L’Assemblée plénière de la Cour de cassation a illustré les conséquences de l’attitude de la défense face à l’absence des témoins. Dans un arrêt de rejet publié au Bulletin, elle a relevé qu’après avoir constaté l’absence de plusieurs témoins, le ministère public avait renoncé à leur audition et que les avocats de la défense avaient expressément indiqué n’avoir aucune observation à formuler (AP, 4 juin 2021, n° 21-81.656). En s’abstenant de formuler des réserves ou de solliciter l’application des mesures de contrainte, la défense se prive de la possibilité de contester ultérieurement le caractère équitable de la procédure globale devant la Cour de cassation.

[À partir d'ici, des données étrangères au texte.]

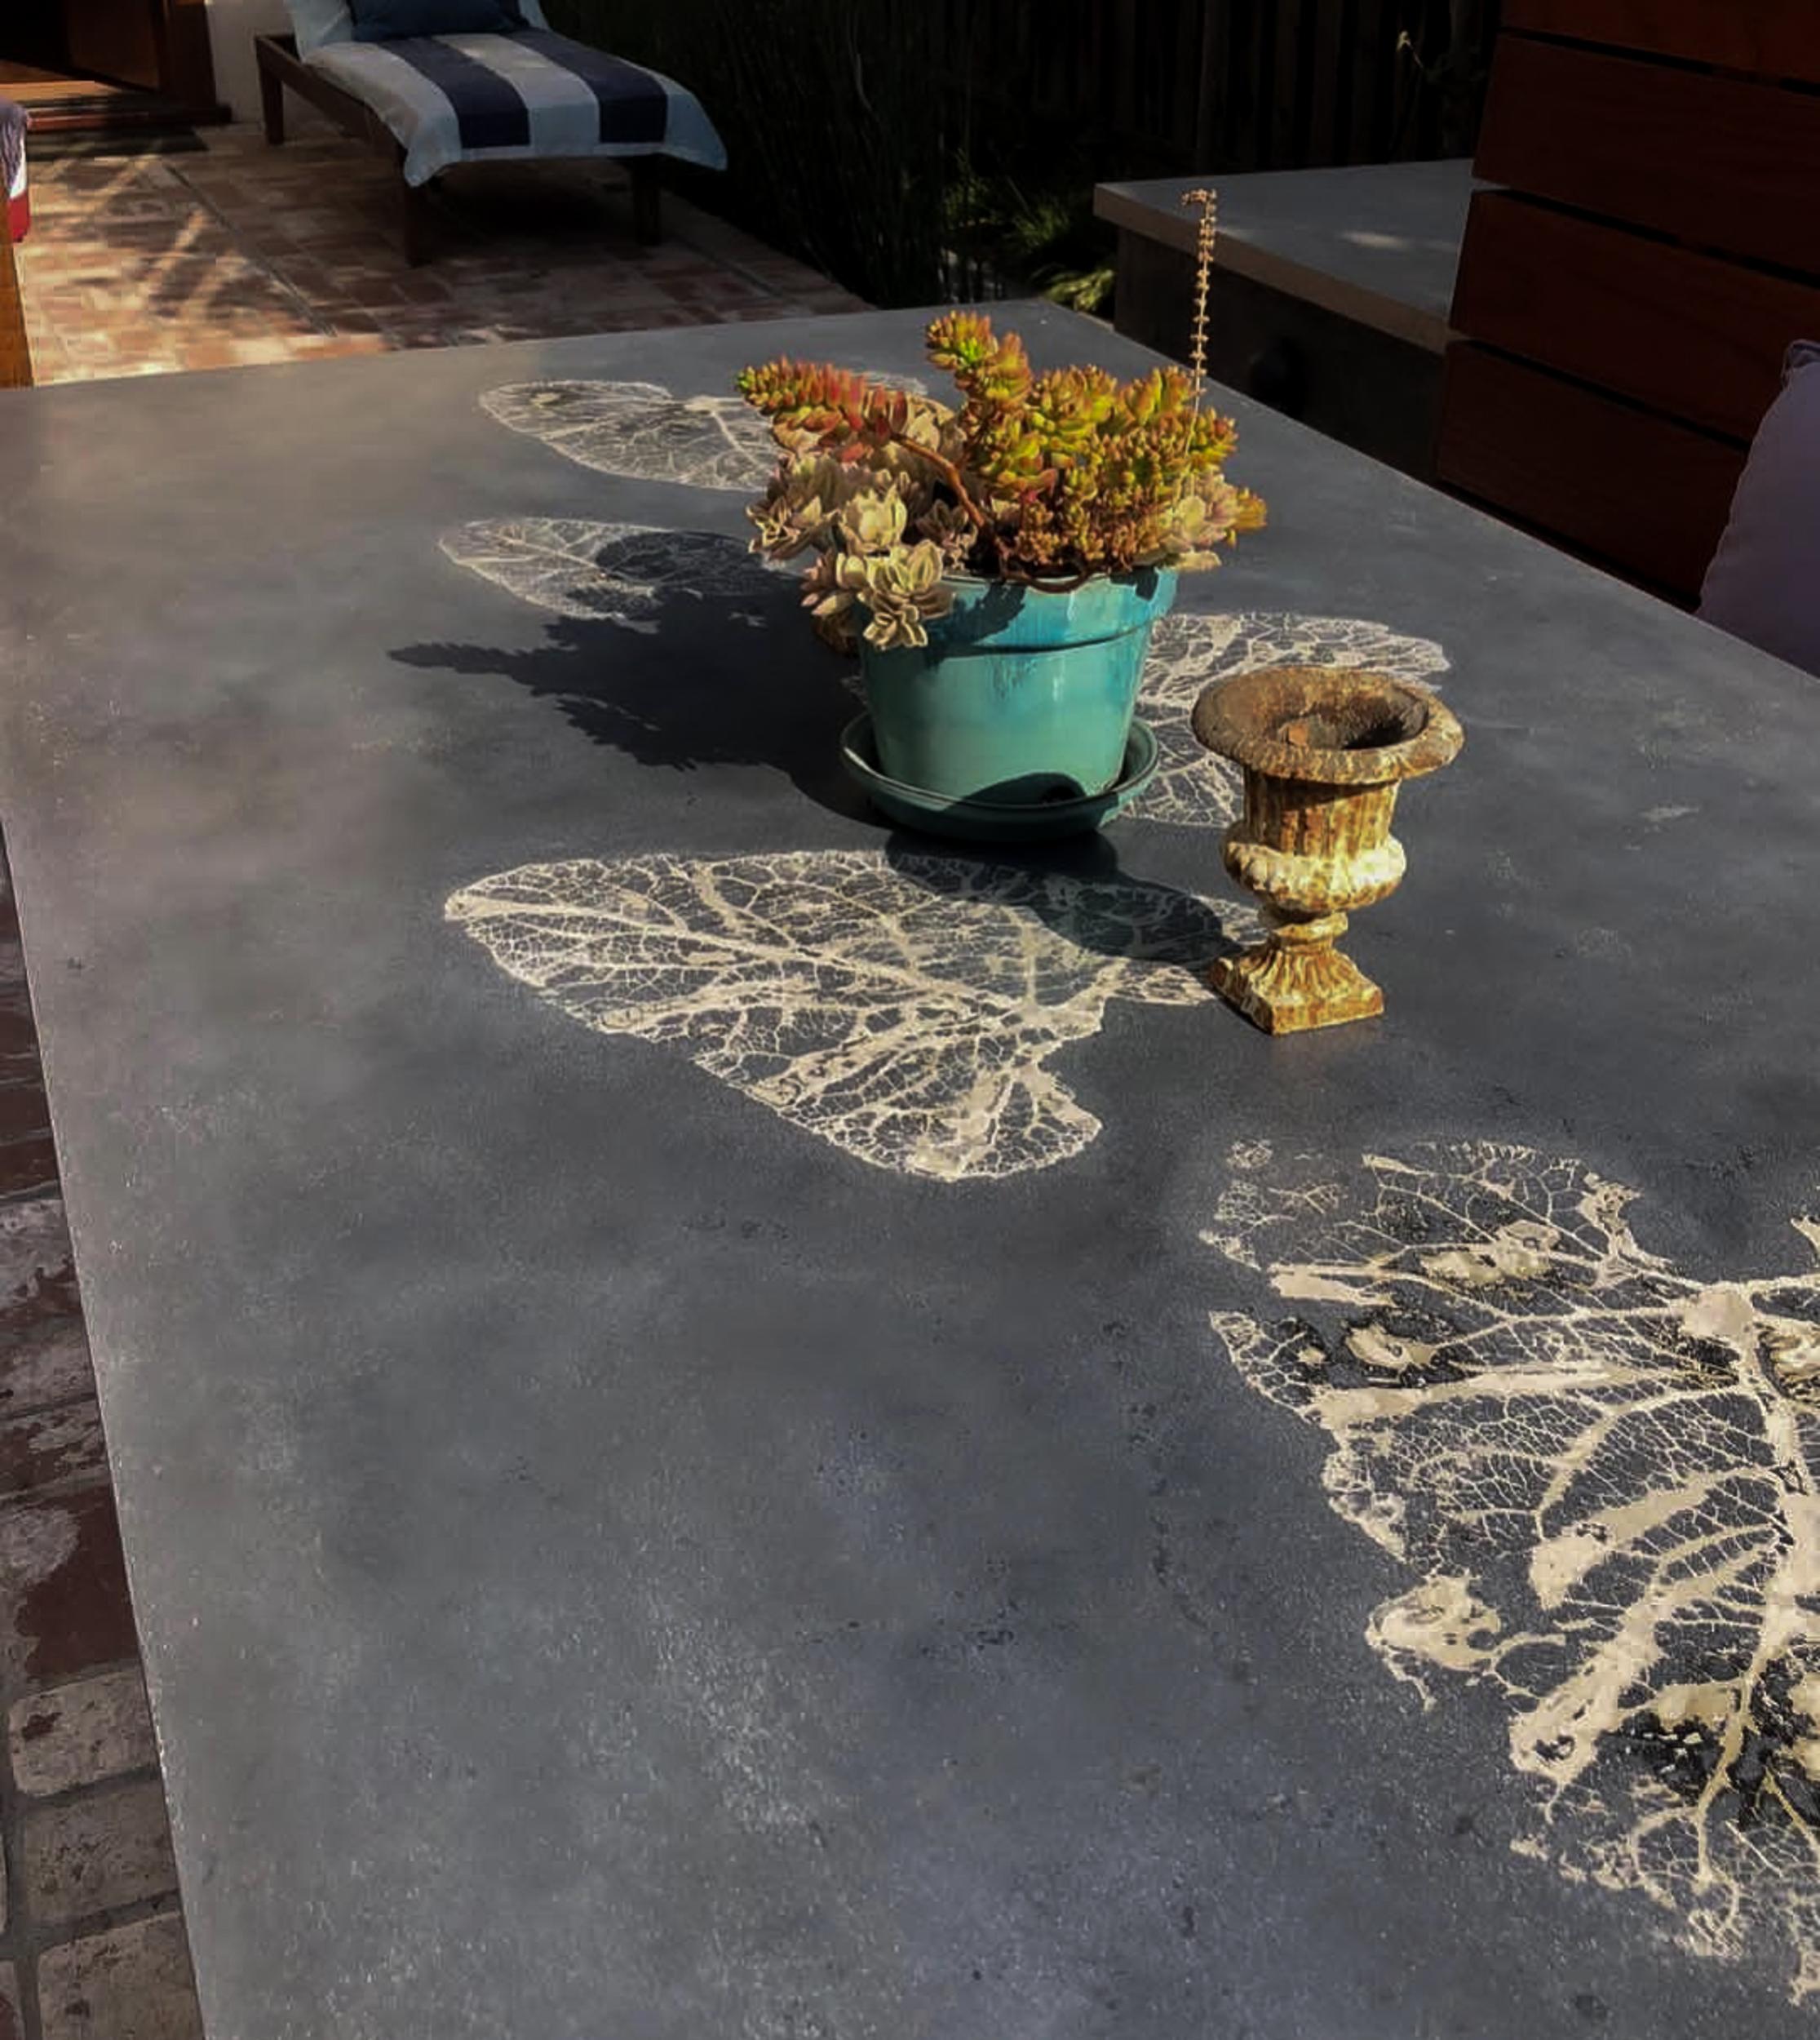 These highly customizable mid-weight square or rectangular concrete dining, console, or coffee table tops with or without impressions from real leaves can make a natural addition to nearly any room or outdoor environment. Bases are not included, and
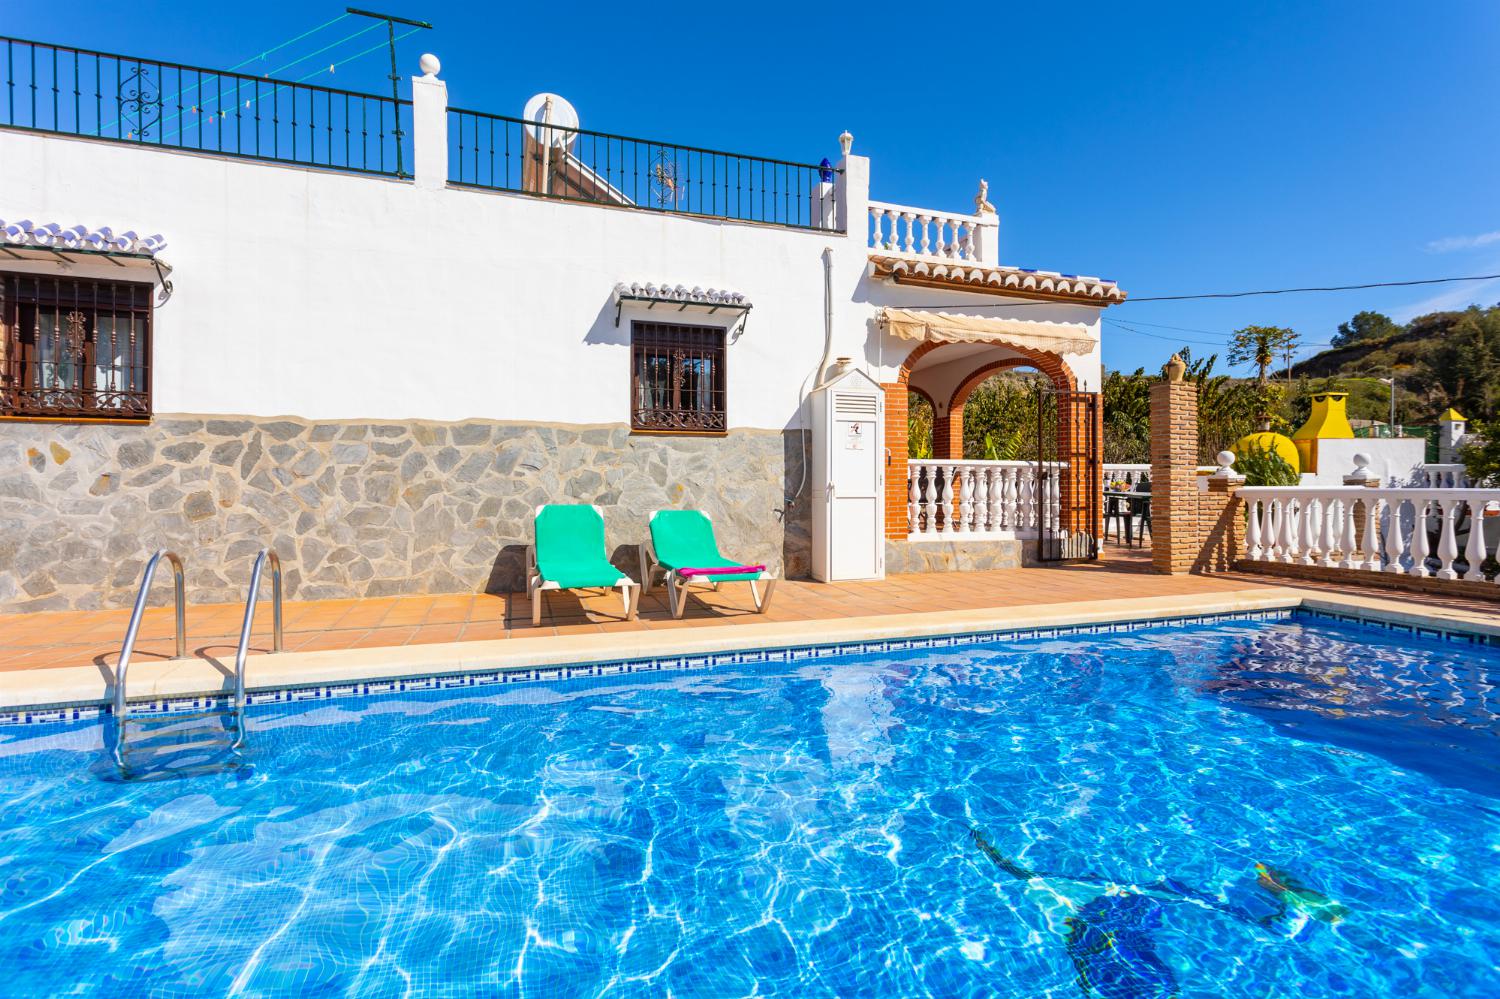 Beautiful villa with private pool, terrace, and garden

Pour préserver ses droits, la défense doit impérativement formaliser sa demande d’audition ou de renvoi par écrit. Si elle sollicite un supplément d’information pour faire rechercher et auditionner un témoin clef, elle doit le faire selon les formes requises, notamment par lettre recommandée avec accusé de réception avant l’audience ou par conclusions visées le jour des débats. La chambre criminelle de la Cour de cassation a érigé cette exigence en garantie d’ordre public pour la défense, en décidant que : « si dans le cadre d’une saisine initiale par citation ou par convocation par procès-verbal, la juridiction refuse d’ordonner un supplément d’information régulièrement sollicité avant le début de l’audience, par conclusions écrites adressées par lettre recommandée avec demande d’avis de réception, elle doit spécialement motiver sa décision » (Crim. 29 novembre 2022, n° 22-81.088). L’obligation de motivation spéciale imposée aux juges correctionnels en cas de refus d’un supplément d’information régulièrement demandé constitue une arme de premier plan pour la défense. Elle permet d’obliger le tribunal à justifier juridiquement son refus, ouvrant ainsi la voie à une censure de la Cour de cassation si la motivation des juges du fond s’avère insuffisante, stéréotypée ou contradictoire.
Conclusion
La citation de témoins devant le tribunal correctionnel demeure l’un des piliers opérationnels les plus solides des droits de la défense en droit pénal français. Le formalisme rigoureux imposé par le code de procédure pénale, loin de constituer un simple obstacle bureaucratique, s’analyse comme la garantie nécessaire de l’authenticité et de la solennité de la parole portée devant les juges. Les arrêts successifs de la chambre criminelle de la Cour de cassation sur la période récente (2024-2026) confirment une orientation jurisprudentielle univoque : celle de la protection absolue de l’oralité des débats contre les réflexes de commodité procédurale des juridictions du fond. Que ce soit en affirmant la liberté absolue de citer des témoins sans dénonciation préalable, en censurant les refus d’audition non justifiés par une audition antérieure, ou en soumettant à la nullité absolue le détournement des règles d’anonymat, la Cour de cassation érige le témoignage en garantie d’ordre public d’un procès équitable. Pour le praticien de la défense pénale, la maîtrise de ces subtilités de procédure, l’usage proactif des conclusions écrites et la rigueur dans le suivi des citations d’huissier constituent des exigences professionnelles fondamentales pour assurer la sauvegarde des libertés individuelles de leurs clients face aux rigueurs de l’action publique.